In the nineteen nineties, American boats took advantage of the Clinton administration’s relaxed Cuban travel regulations sailing freely between Key West and Marina Hemingway. Many of Key West’s sailors and fishermen made multiple trips yearly, ferrying much needed supplies to newly made friends suffering under what Fidel termed the “Special Period.”
With the fall of the Soviet Union, Cuba lost an estimated seven billion dollars a year in direct subsidies sending the Cuban economy into a tailspin, creating shortages in food, energy and basic necessities. Key West and Cuba were once again linked by a thin tread of traveling Americans bringing food and friendship.
American participation also brought new life to the Hemingway Tournament which in 2003 had over 40 American teams trolling the waters off Havana for blue marlin, one of the world’s most popular game fish.
When Bush replaced Clinton, strict enforcement shut the gate on boat travel for Americans and the tournament once again was threatened with extinction. Only Commodore Escrich’s determination and unbending desire to preserve what he considers a Cuban national treasure, kept the contest alive.
“We must not let the tournament die.” He declared in a 2013 interview. Participation in the Hemingway had dropped to nine boats and the few tournament sponsors were pulling out. With relaxed regulations for American participants, the tournament could become one of the richest in the world.
A graduate of the Cuban Naval Academy, Escrich’s twenty-five year career as a Cuban Naval officer included four years in the former Soviet Union before returning to the college as a professor of naval history.
In 1991 Escrich became a consultant to Cubacan, the government arm in charge of the island’s newly emerging tourist industry.
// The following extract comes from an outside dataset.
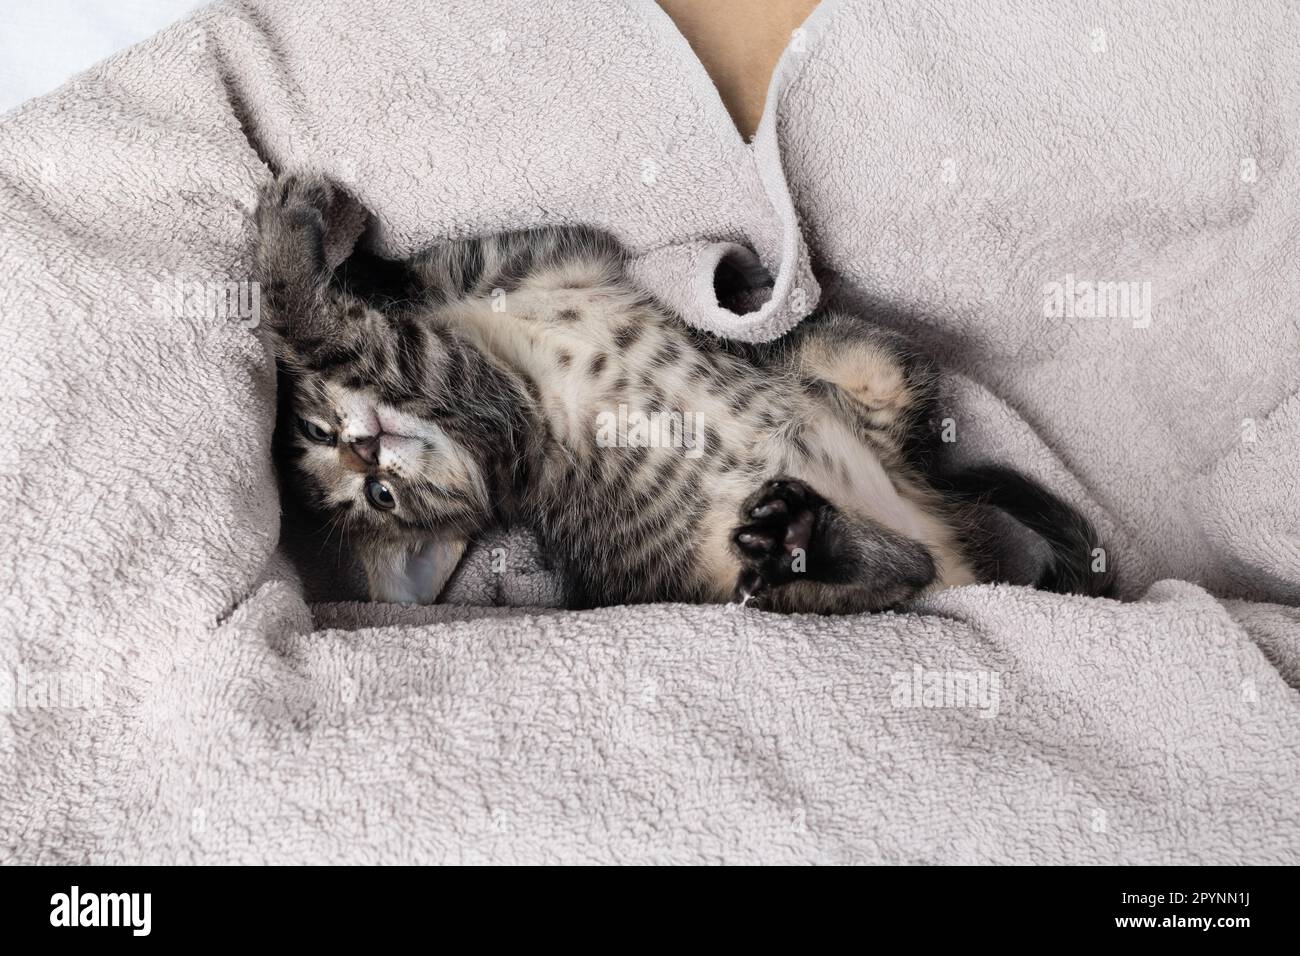 Little naughty kitten playing on soft towel. Stock Photo
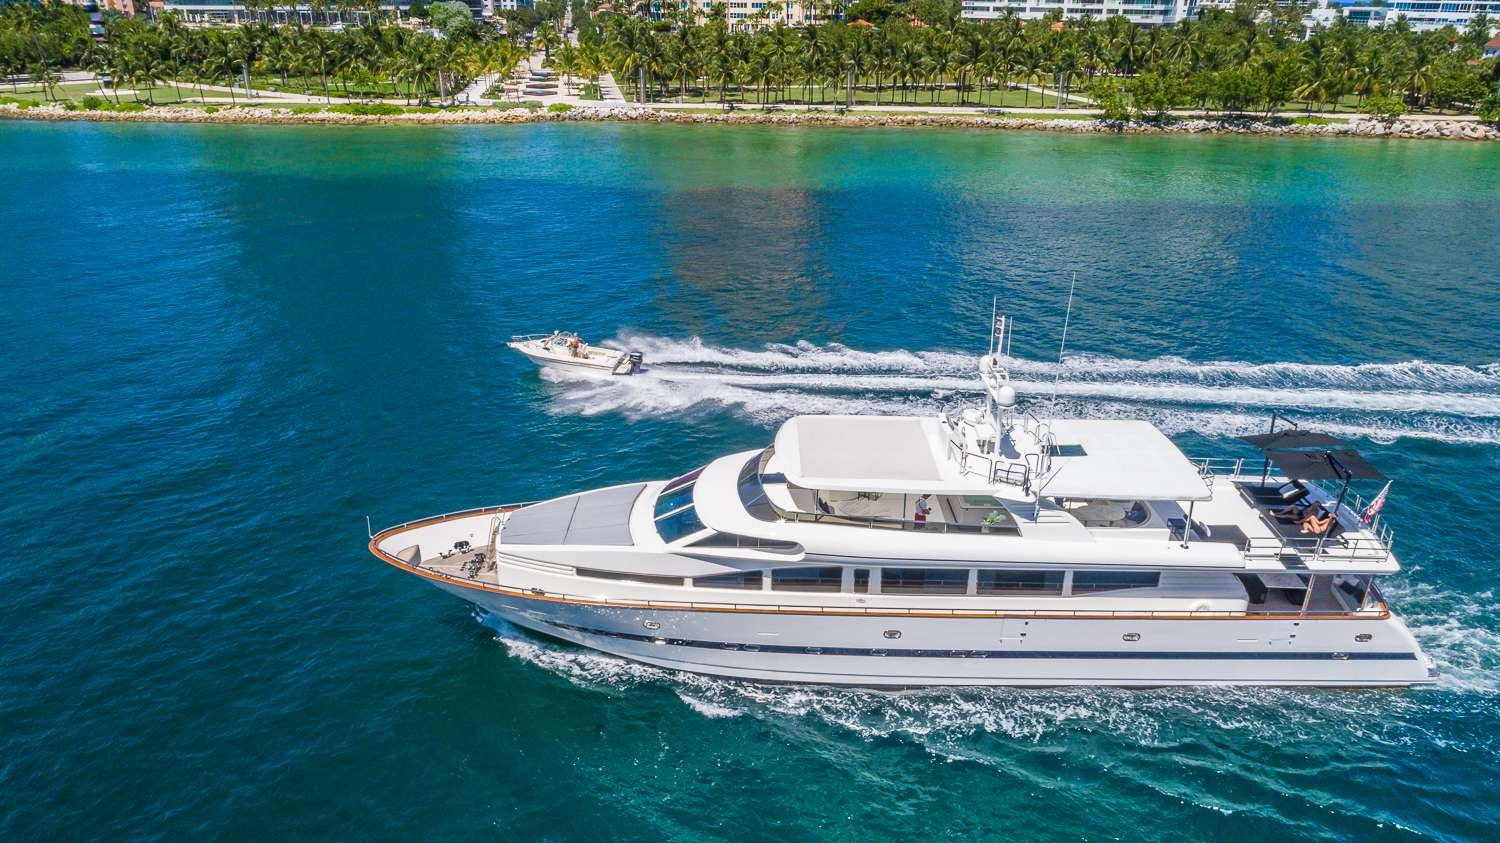 Nirvana Yacht - Seaduction Yacht Charters

Cubacan had been directed to manage Hemingway Marina, the closest deep water harbor to Havana. Before resigning to devote all his attention to the newly formed Club Natico, Escrich was head of all marina operations in Cuba.
Commodore Eschich and his wife, sister in law Yuri and her husband, Julio Salvadore were hosted by many of Key West’s most prominent businessmen including restaurant and tour owners.
“We became family in three days,” commented Eco-tour owner Carla Bellenger. Carla was the constant companion of Mericeo and her sister during the three days of meetings and introductions.
“They were all so sweet.” She added. “I felt for Mericeo though. She was so anxious to see her grandchildren in Port St. Lucia, Florida. It brought home to me how many family separations this embargo has caused. Hopefully meetings like these will bring about change.”
Included in the busy schedule, the Commodore toured the new marina expansions taking place on neighboring Stock Island in anticipation of normal boat traffic and ferry service to and from the island. Some estimates claim eighty- thousand U.S. boaters are eager to cruise Cuba.
A new eleven hundred slip marina built in the resort city of Veradaro – an hour and a half east of Havana – is in preparation for the flood of American boaters.
“Key West has been abuzz since the December announcement re-establishing dialogue with Cuba. Everyone is looking south.” said Hog Fish restaurant owner Bobby Mongelli, during a luncheon he hosted for the group. “We have businessmen meeting here wanting in on the ground floor of the Cuban capitalist invasion. Everything from ferry operators to regatta organizers want the Commodore’s ear.”
Before arriving in Key West, Escrich attended the Miami Boat Show as a guest of the National Marine Manufacturers Association and was honored with an achievement award presented by the International Sea Keepers Society. The Commodore had been turned down in the past when applying for a visa to attend meetings and conferences in the U.S.

Cuban Travel Tip # 8

Cuban Travel Tip # 8

Transportation:

7063Unfortunately in Cuba, public transportation is difficult. Buses are unbelievably crowded, make milk run stops and are best left to the young, adventurous backpackers with time and a Freudian desire for inconvenience.
Trains, are slow, crowded, subject to frequent breakdowns and delays. This mode too should only be considered by the courageous traveler. Frequently, a train is stopped because the rails have been stolen. When this occurs, passengers are often loaded into open trucks to complete their journey.
If you want to experience the island like a Cuban climb aboard. The train runs from Havana to Santiago de Cuba, the buses service every population center.
Rental cars are scarce in season and expensive by our standards. The lowest price I have found is around $70.00/day. I pay for my cars here with my travel agent and save the currency conversion charge. If you’re staying in Havana, it might be wise to delay picking up the car for a few days. Driving in Havana takes some getting used to.
English speaking drivers are readily available. Most are college educated and very reliable. Keep in mind when you hire a Cuban, he or she accepts responsibility for your safety. Sounds too good to be true…. but it is.
Another option used by visiting Cubans is to rent a private car. It’s cheap….but illegal. In case of an accident or a routine stop, it could jam you up.
I like horse taxis – or you can bring your own.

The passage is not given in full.